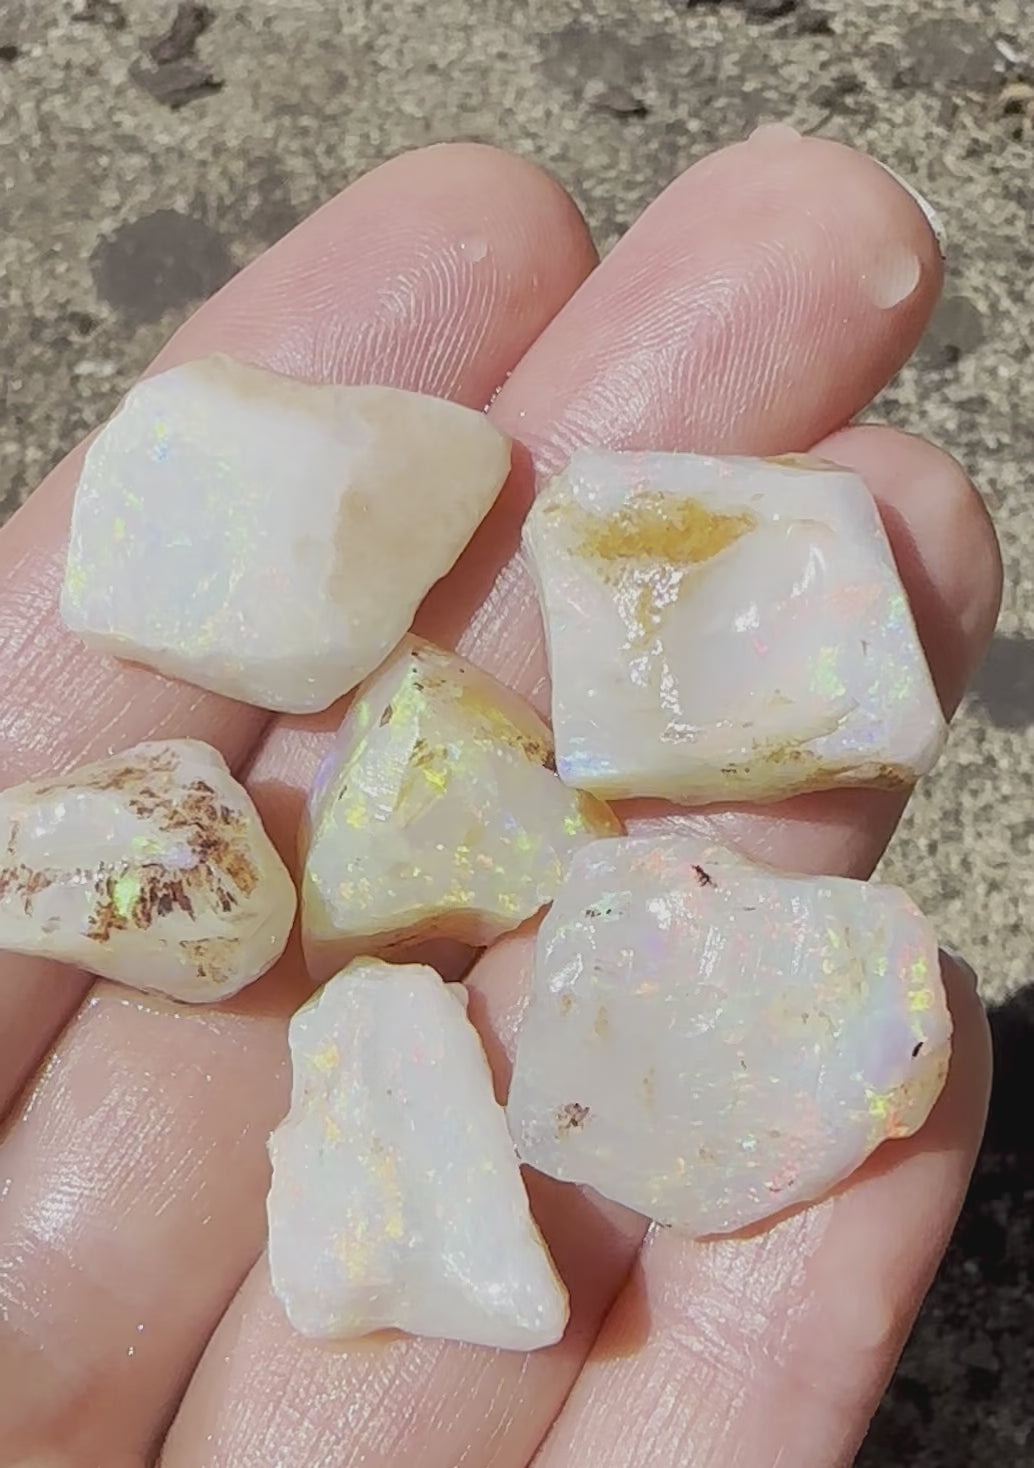 Sizes from largest to smallest opal
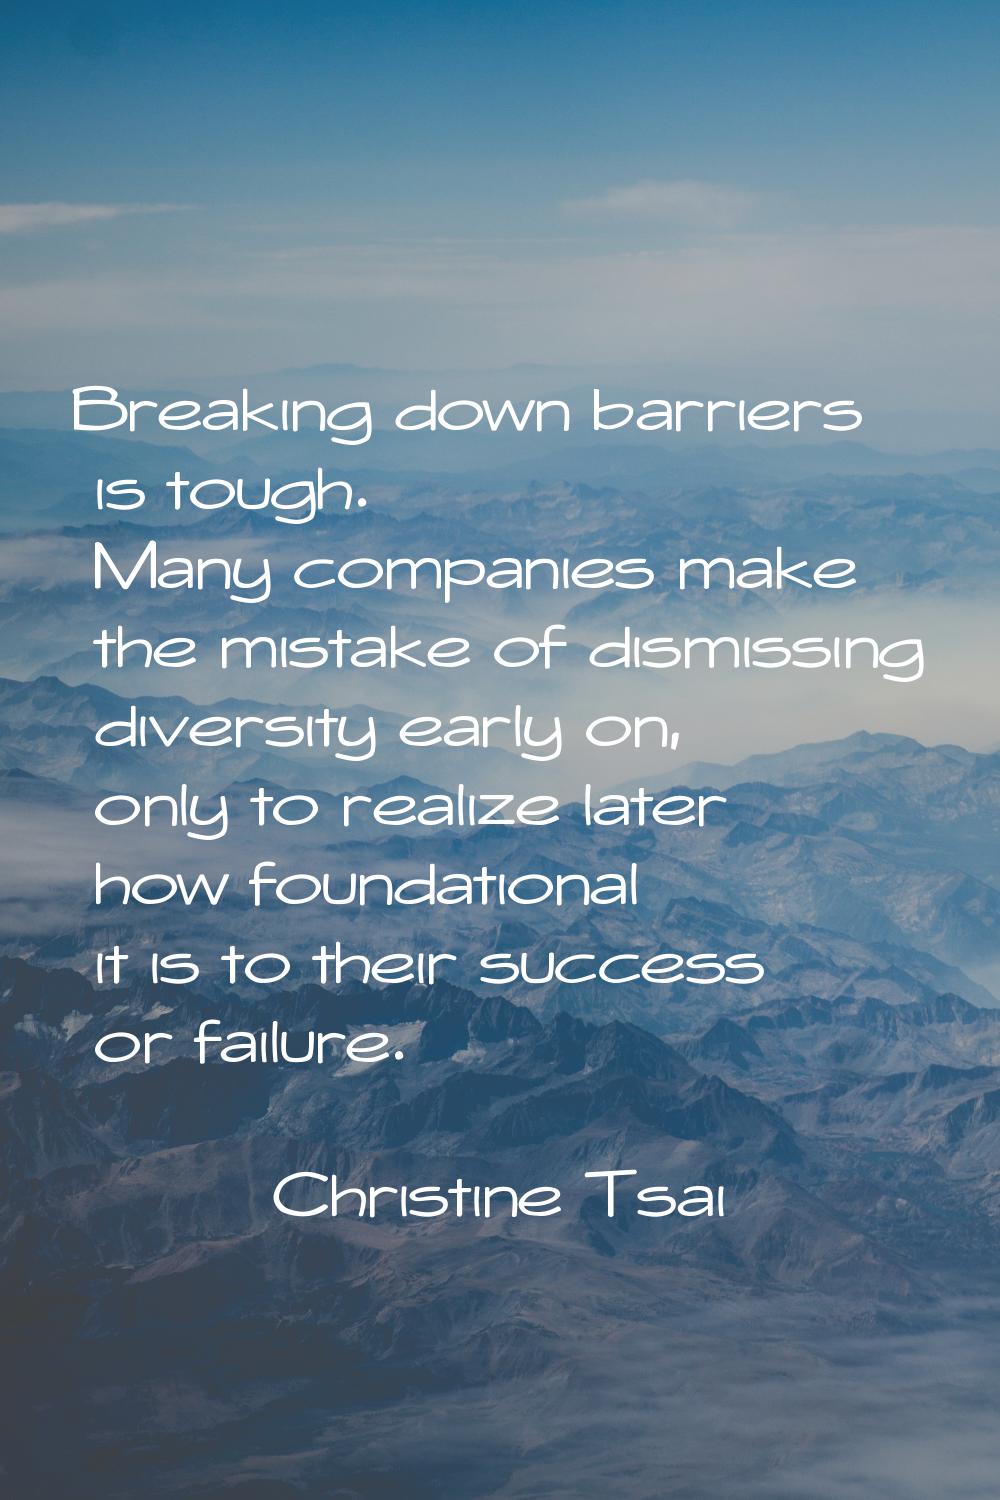 Breaking down barriers is tough. Many companies make the mistake of dismissing diversity early on, 
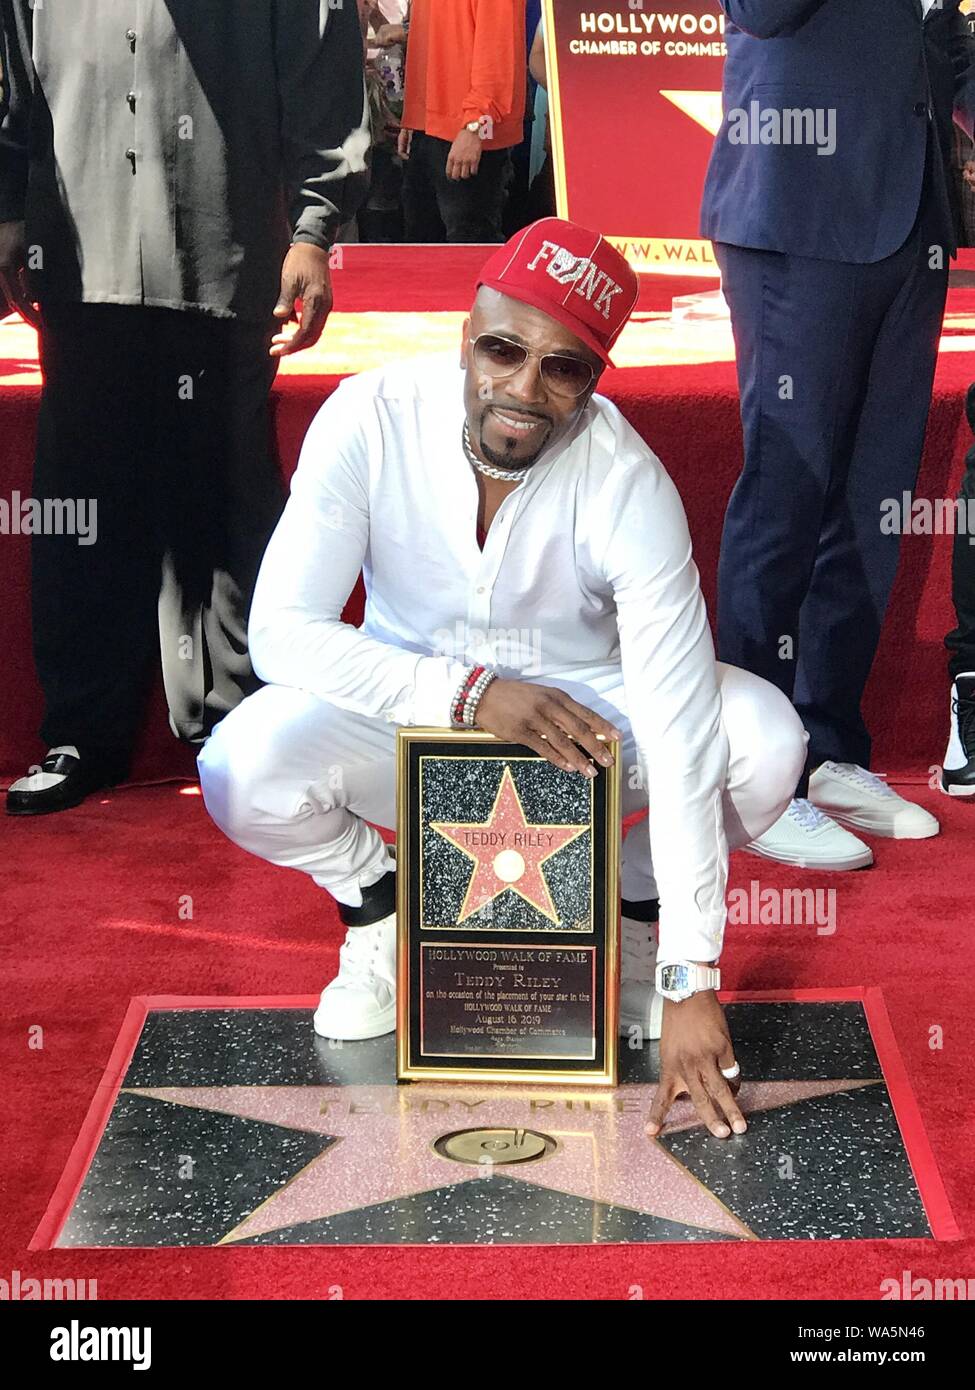 August 16, 2019, Hollywood, California, USA: I16060CHW.Hollywood Chamber Of Commerce Honor Recording Artist/Music Producer TEDDY RILEY With Star On The Hollywood Walk Of Fame.6405 Hollywood Boulevard, Hollywood, California, USA  .08/16/2019 .TEDDY RILEY.Â©Clinton H.Wallace/Photomundo International/  Photos Inc  (Credit Image: © Clinton Wallace/Globe Photos via ZUMA Wire) Stock Photo

------------

Problem requirements
Would you repeat the complete listing exactly, excluding each picture it holds?

Answer for this exercise
 Sizes from largest to smallest opal
 Breaking down barriers is tough. Many companies make the mistake of dismissing diversity early on, 
 August 16, 2019, Hollywood, California, USA: I16060CHW.Hollywood Chamber Of Commerce Honor Recording Artist/Music Producer TEDDY RILEY With Star On The Hollywood Walk Of Fame.6405 Hollywood Boulevard, Hollywood, California, USA  .08/16/2019 .TEDDY RILEY.Â©Clinton H.Wallace/Photomundo International/  Photos Inc  (Credit Image: © Clinton Wallace/Globe Photos via ZUMA Wire) Stock Photo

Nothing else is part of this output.